The RegRep Core spec defines a fixed set of operations
(CREATE/READ/UPDATE/DELETE) on an unbounded universe of resource
types.
RegRep profile specs tend to be in one of the following categories
(non-exhaustive):
- Profiles based on specific resource types (e.g. Image, WSDL,
XML Schema, Web Ontology / OWL, ...)
- Profiles that extend the protocol (e.g. a REST profile
extension that adds CREATE/UPDATE/DELETE to the READ only REST
protocol defined in ebRS today (BTW, this is another one I
plan to propose soon)
- Profiles that specify an extension other than protocol
extension (e.g. CQL Profile defines how to use a specific
query _expression_ language)
You seem to be suggesting that there is a need for profiles based
on operations. This is not the design center of RegRep though a
protocol extension comes closest to it. Can you give an example to
illustrate the need.
Based on what you have shared thus far I can see the following
repository specific profiles as possible examples of what you had
in mind:
- RegRep repository profile for NetCDF
- RegRep repository profile for HDf5
- RegRep repository profile for OGC WFS
- RegRep repository profile for OGC WMS
- RegRep repository profile for OGC WCS
Am I getting close to what you are trying to communicate as a
need?
On 08/13/2012 11:53 AM, Reagan Moore wrote:
The question is how do I go from "file type" specific queries
to "functional type" specific queries. Instead of choosing what
to do based on the file type, choose what to do based on the
operation that is being performed.
The digital library world tried to specify data management as
a function of the type of data object. They went through the
process of managing:
- Books
- Chapters in books
- Arbitrary collections of digital objects
They had to revise their organizing schema at each
transition, and now have explicit structure metadata in METS.
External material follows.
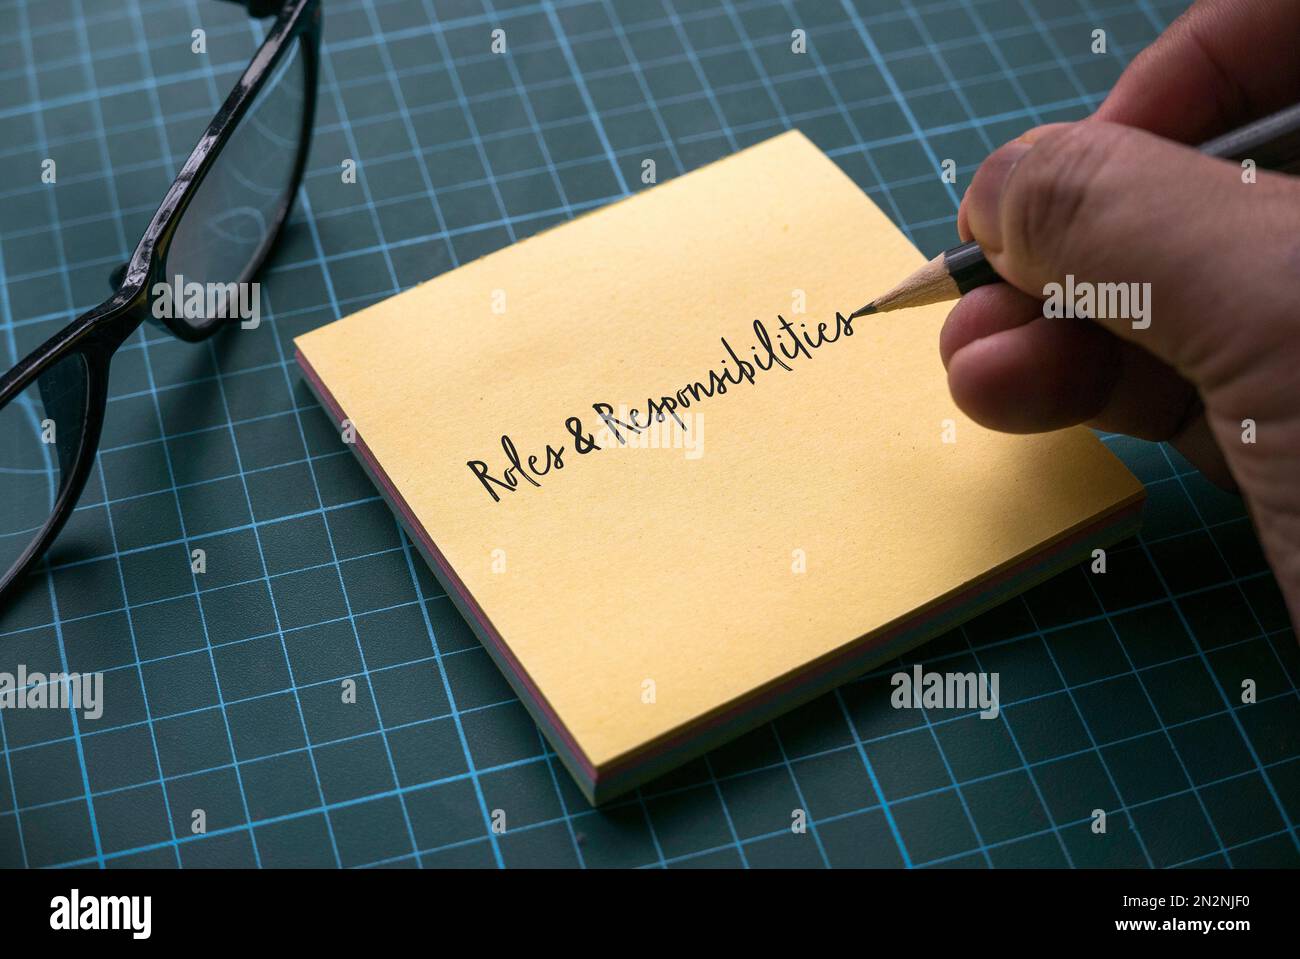 Eine Hand, die Rollen und Verantwortlichkeiten auf einen gelben Memo-Zettel mit einer Brille auf einer grünen Handwerkermatte schreibt. Stockfoto
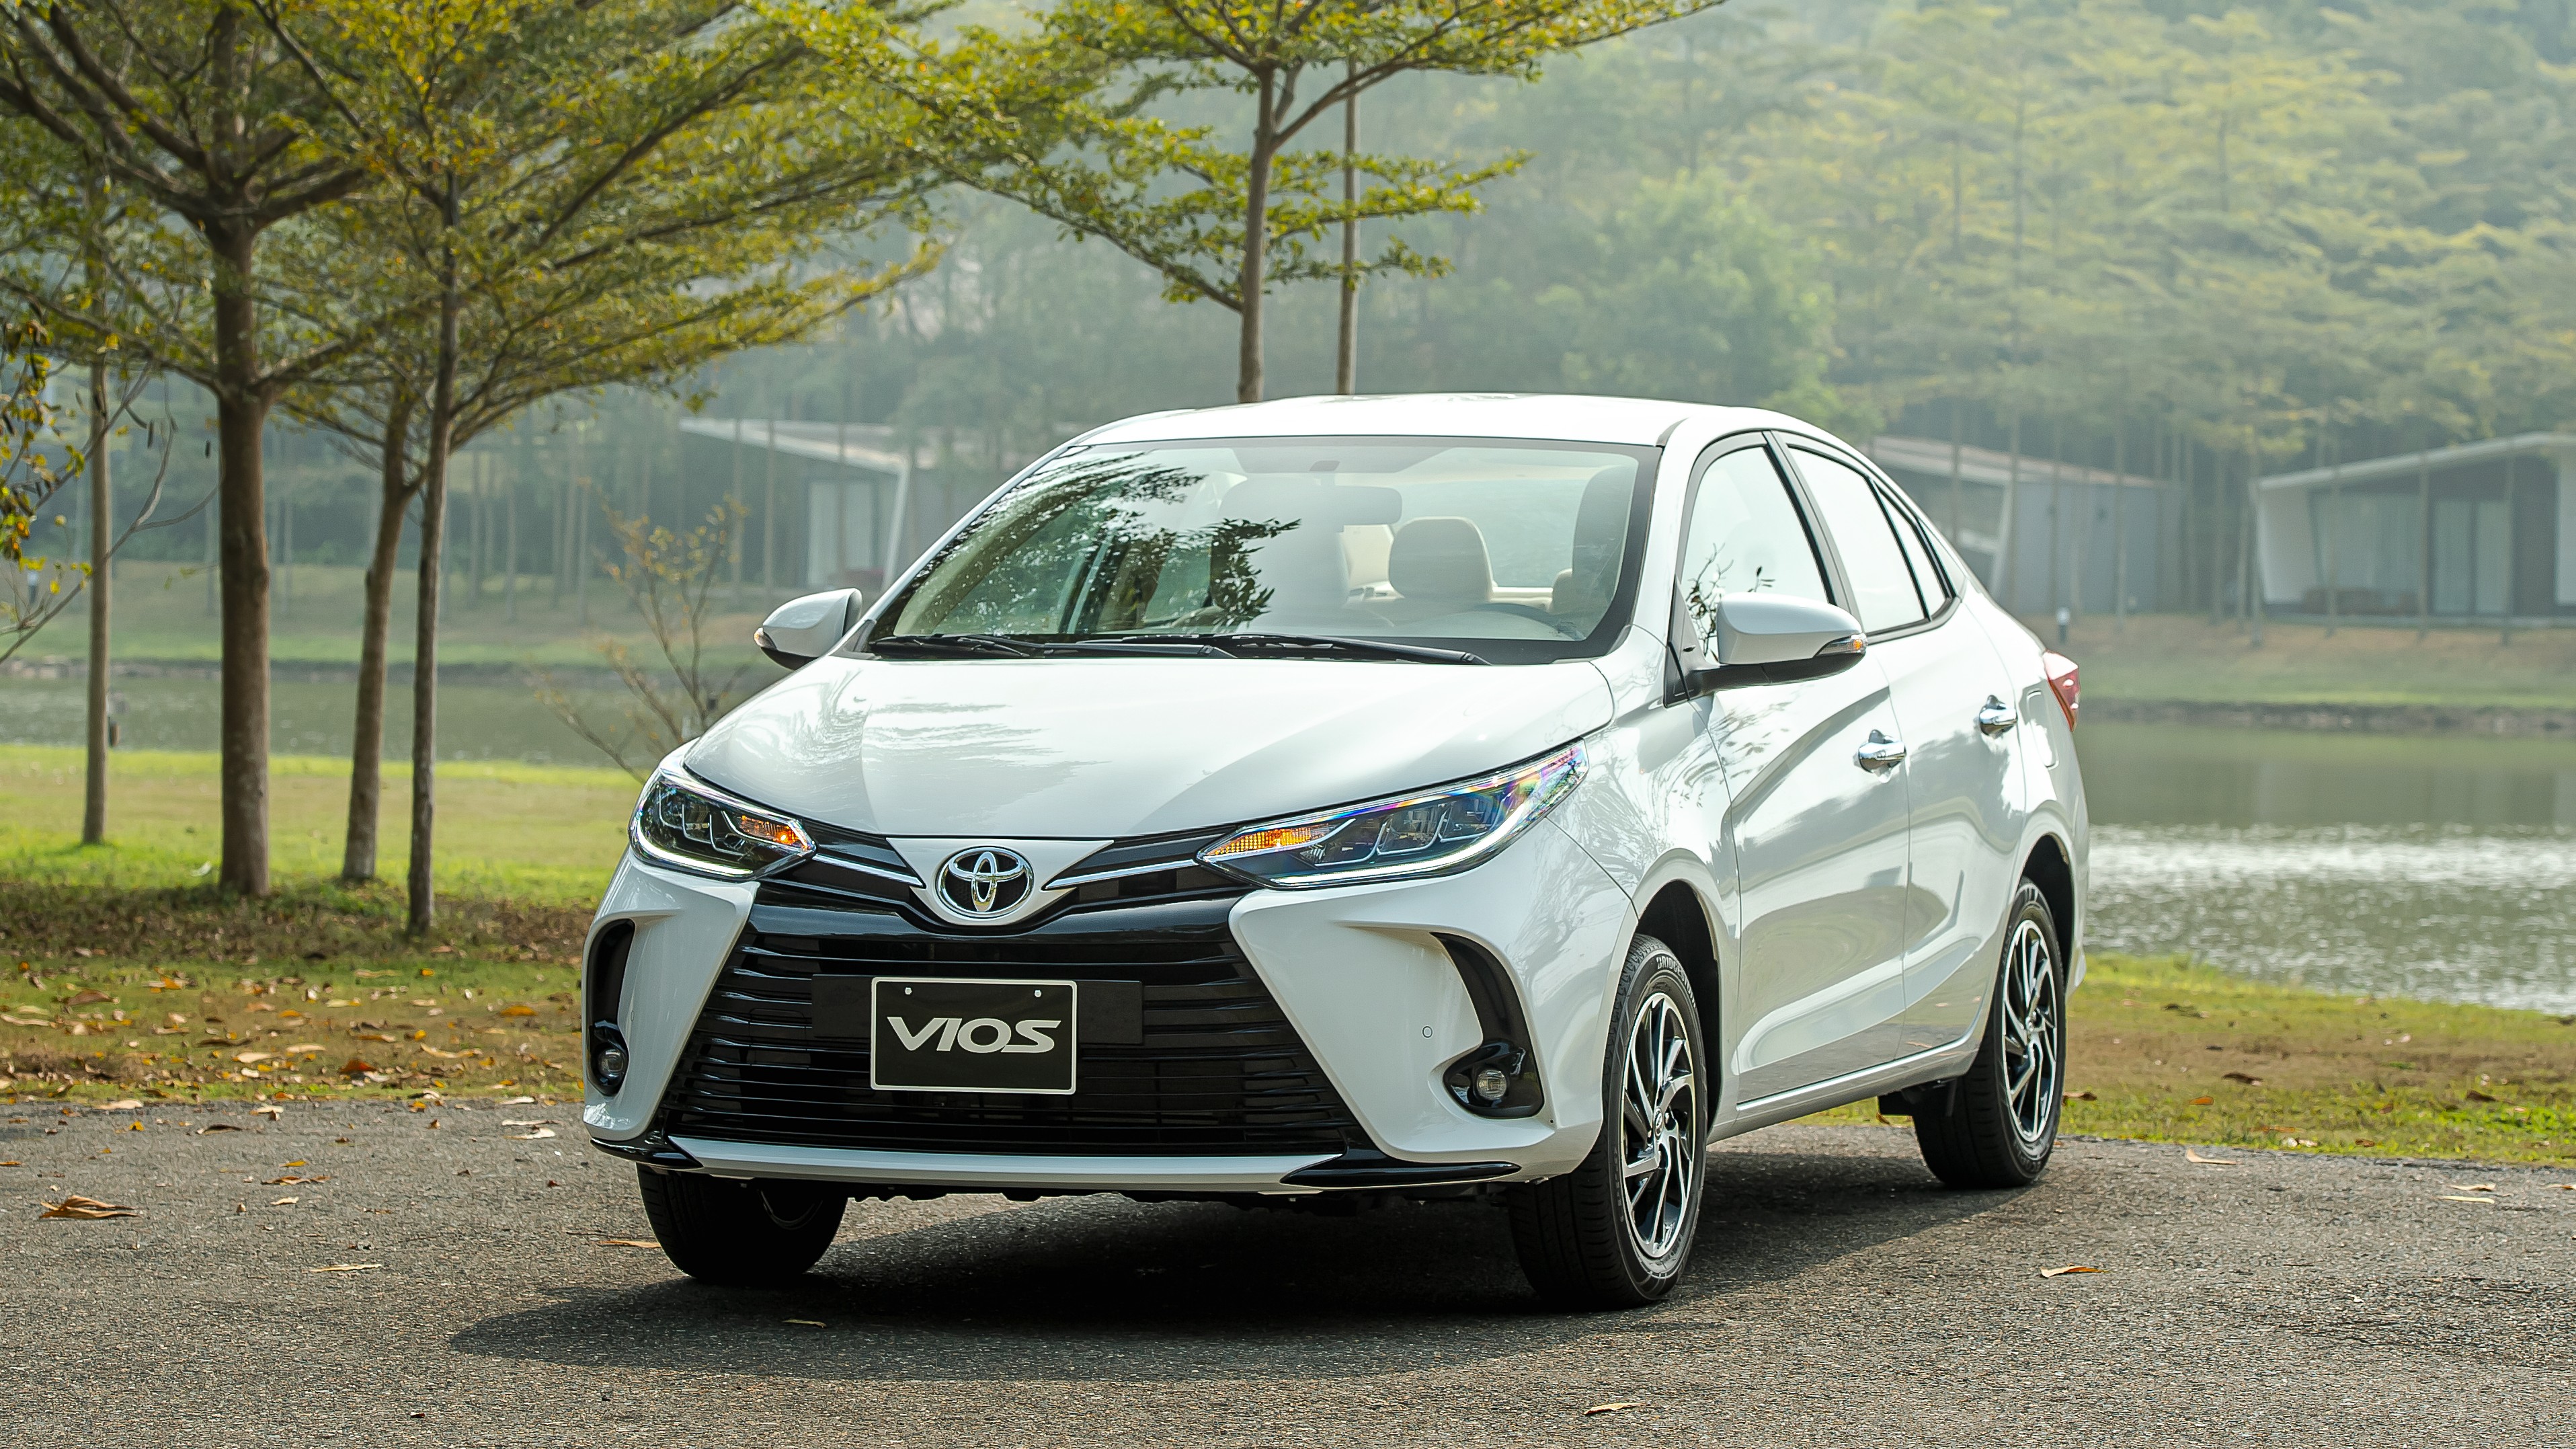 Toyota Vios duy trì cách biệt với Hyundai Accent tháng 3/2022

A similar transition can occur when querying objects:
- Query Dublin core metadata
- Query against defined schema
- Query for data type properties (images, metadata may be
encapsulated in the image)
- Query for metadata associated with an object (HDF5, NetCDF,
FITS, Dicom). This requires extracting metadata from an
object different from an image.
Will you generate different profiles for each each type of
object?
Or will you generate profiles for each type of operation?
Reagan
Reagan,
The two proposed specs do not define any new protocols or
messages. The CQL profile specifies how the existing CQL
specification is used within the existing RegRep
protocols. The Image Profile defines how to use existing
RegRep features for publishing, cataloging and querying
data when said data is image data and how to use the
proposes CQL profile to query image.
At first glance, the question below seem to be in the
implementation space rather than specification space
(which is the purview of the RegRep TC).
From the implementors perspective the implementation space
main impact would be in how one implements the
communication between the registry and the remote
repositories it manages whether they be HDF5, NetCDF or
OGC services.
On 08/13/2012 10:53 AM, Reagan Moore wrote:
Farrukh:
Classes of operations we support when accessing
remote files include:
- Posix I/O (open, close, read, write, seek, stat, ….)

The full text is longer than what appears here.